■ GOAL OF THE EXERCISE ■
In your reply, print every line of the listing exactly and omit all images.

■ DATA SECTION ■
□ □ □ □ □ □ □
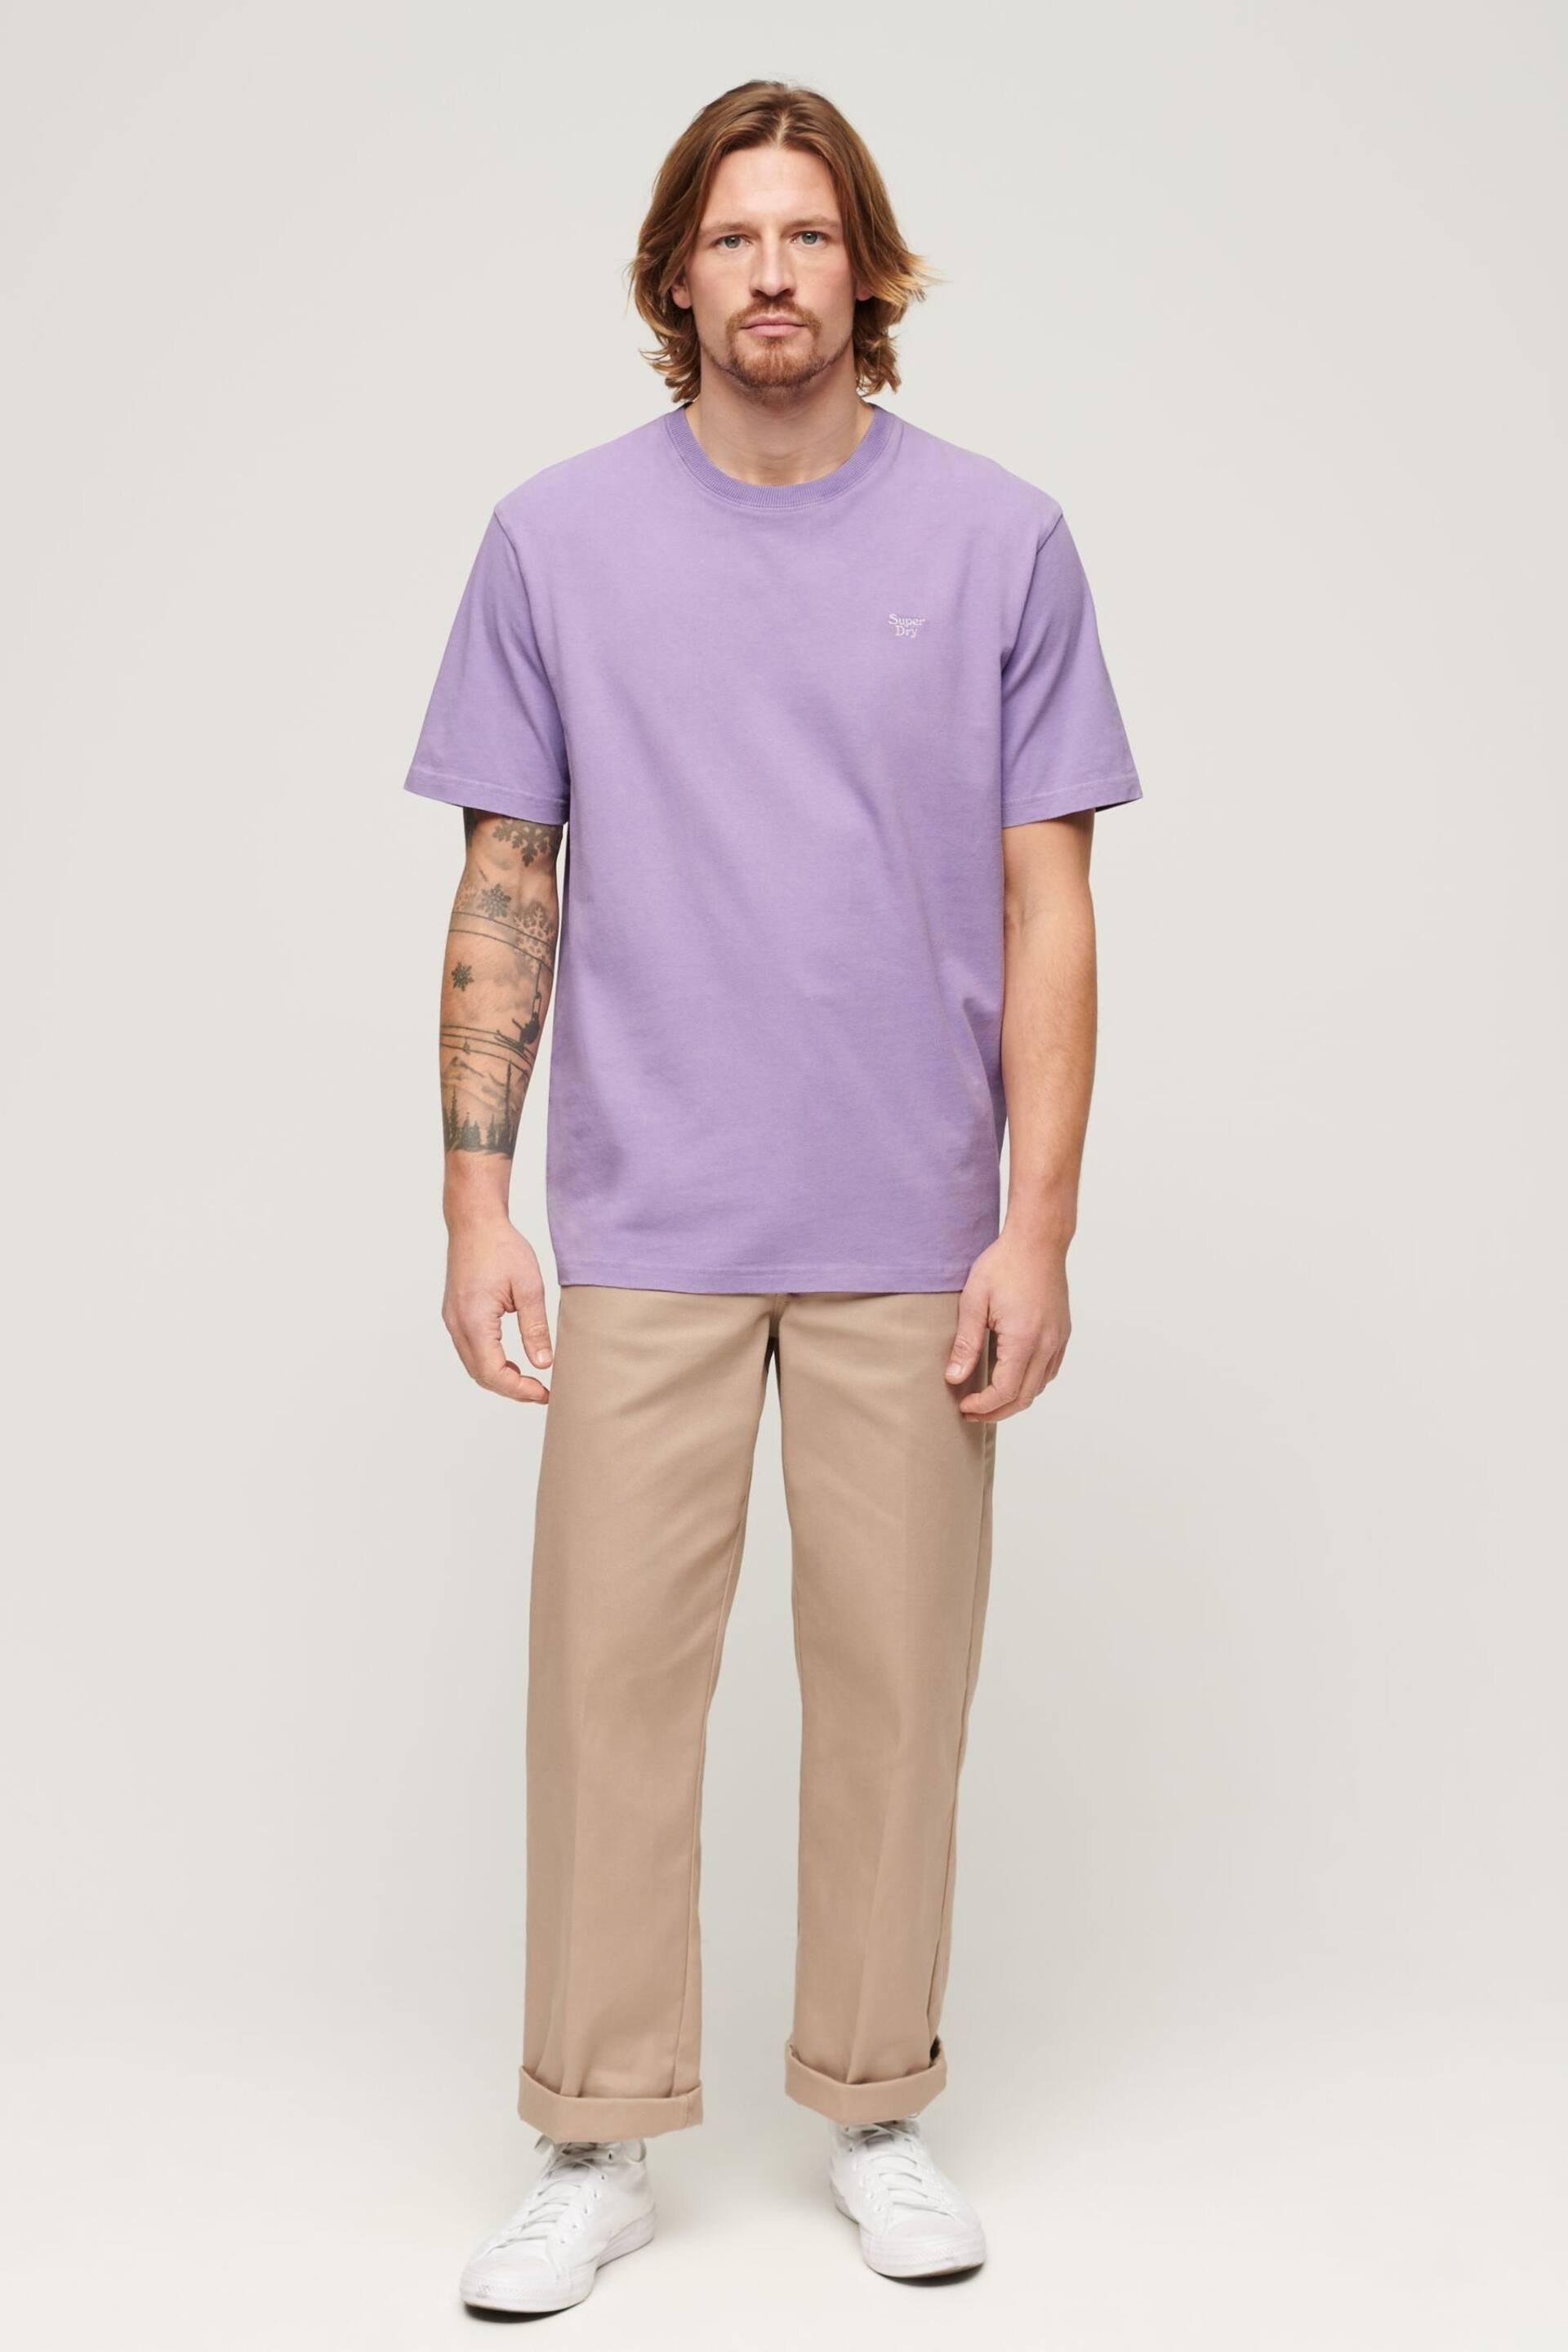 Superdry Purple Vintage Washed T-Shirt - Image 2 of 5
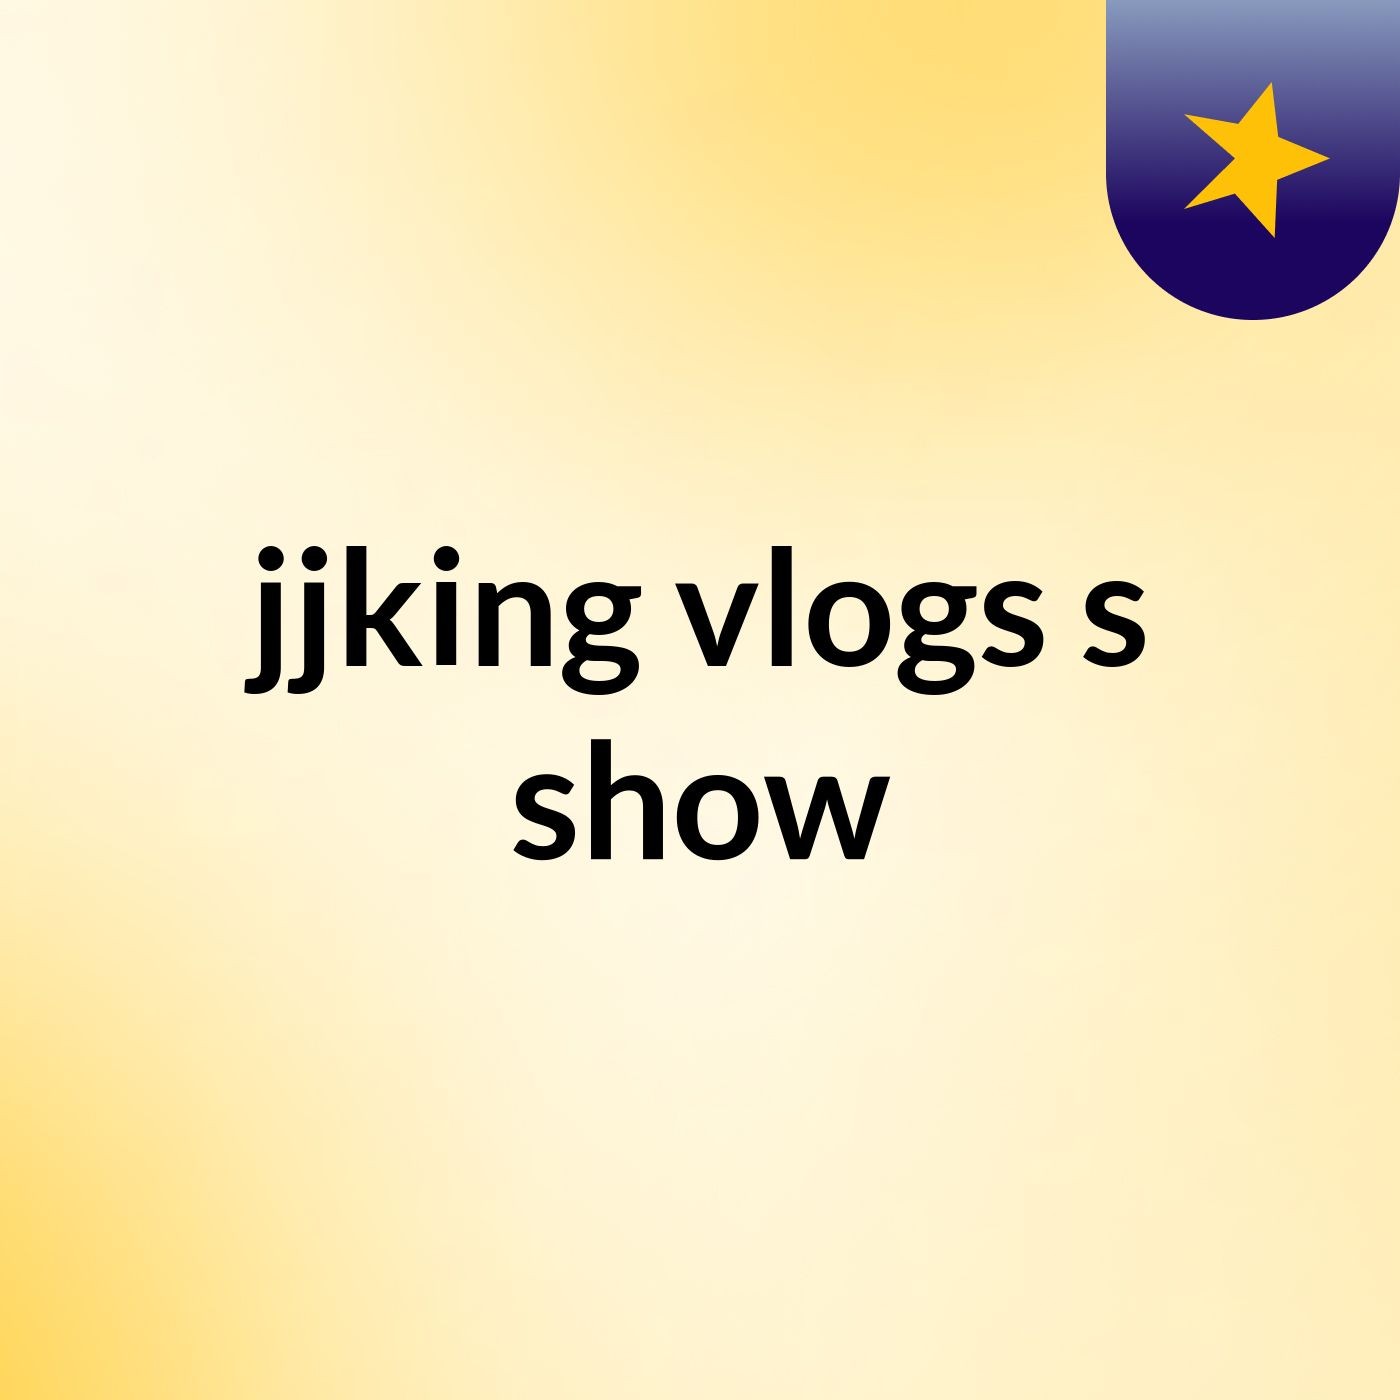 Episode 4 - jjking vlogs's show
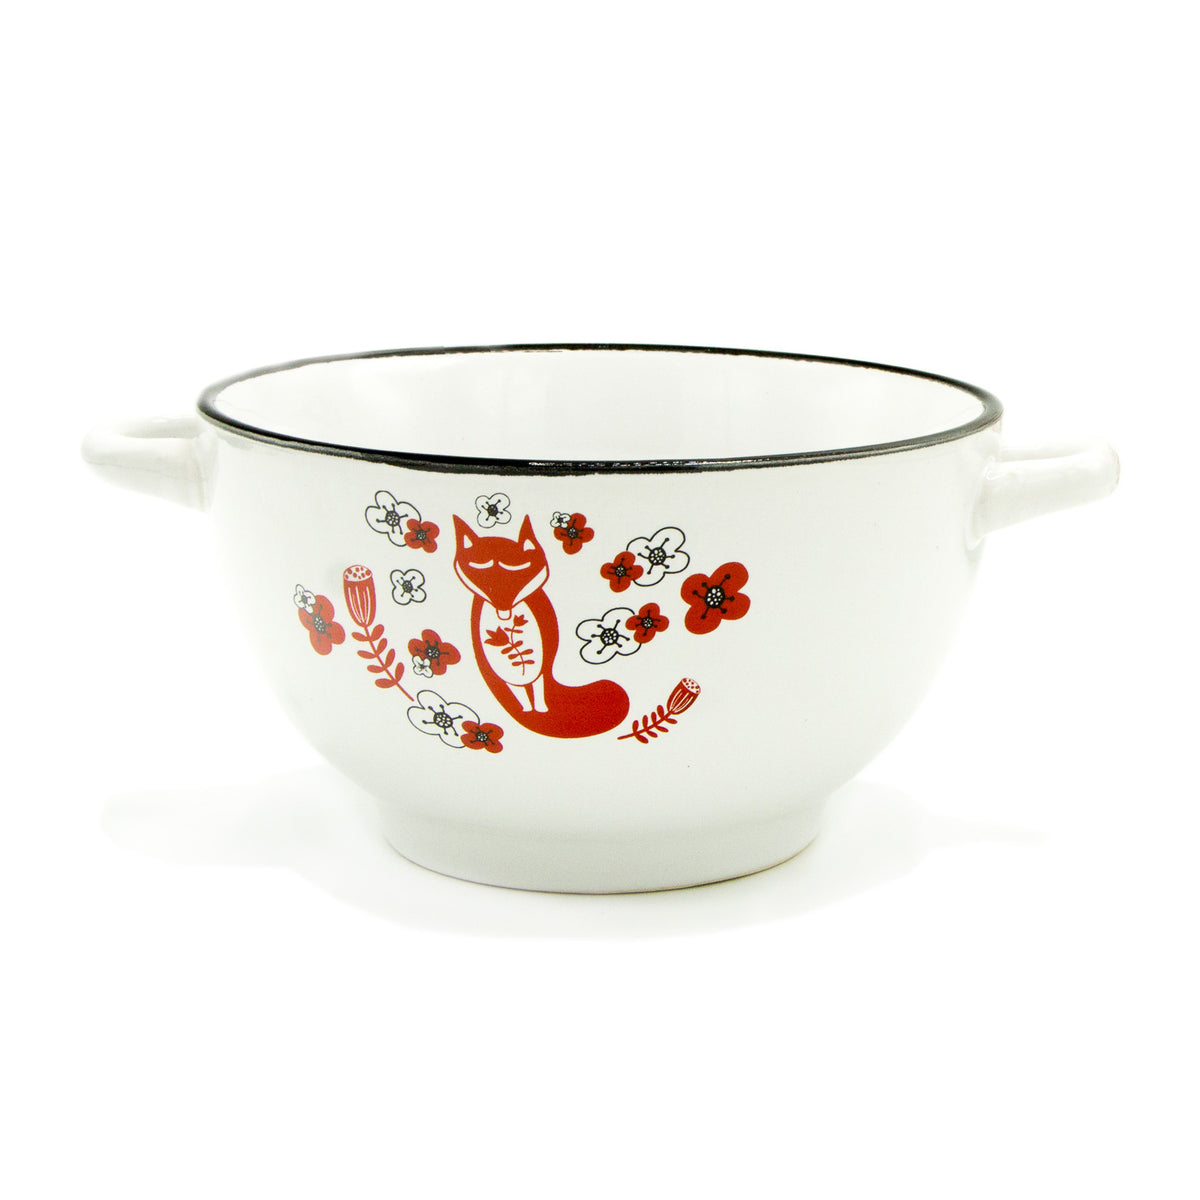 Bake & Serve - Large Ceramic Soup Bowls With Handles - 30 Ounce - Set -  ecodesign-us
□ □ □ □ □ □ □
■ THE COMPLETED TASK ■
 Superdry Purple Vintage Washed T-Shirt - Image 2 of 5
 Episode 4 - jjking vlogs's show
 Bake & Serve - Large Ceramic Soup Bowls With Handles - 30 Ounce - Set -  ecodesign-us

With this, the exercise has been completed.